## TASK OBJECTIVE
Word for word, repeat all of the entries below.

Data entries

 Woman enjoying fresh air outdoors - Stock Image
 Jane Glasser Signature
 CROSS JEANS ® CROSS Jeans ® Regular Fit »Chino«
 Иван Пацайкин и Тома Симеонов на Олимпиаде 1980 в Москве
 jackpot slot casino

## WRITTEN ANSWER
 Woman enjoying fresh air outdoors - Stock Image
 Jane Glasser Signature
 CROSS JEANS ® CROSS Jeans ® Regular Fit »Chino«
 Иван Пацайкин и Тома Симеонов на Олимпиаде 1980 в Москве
 jackpot slot casino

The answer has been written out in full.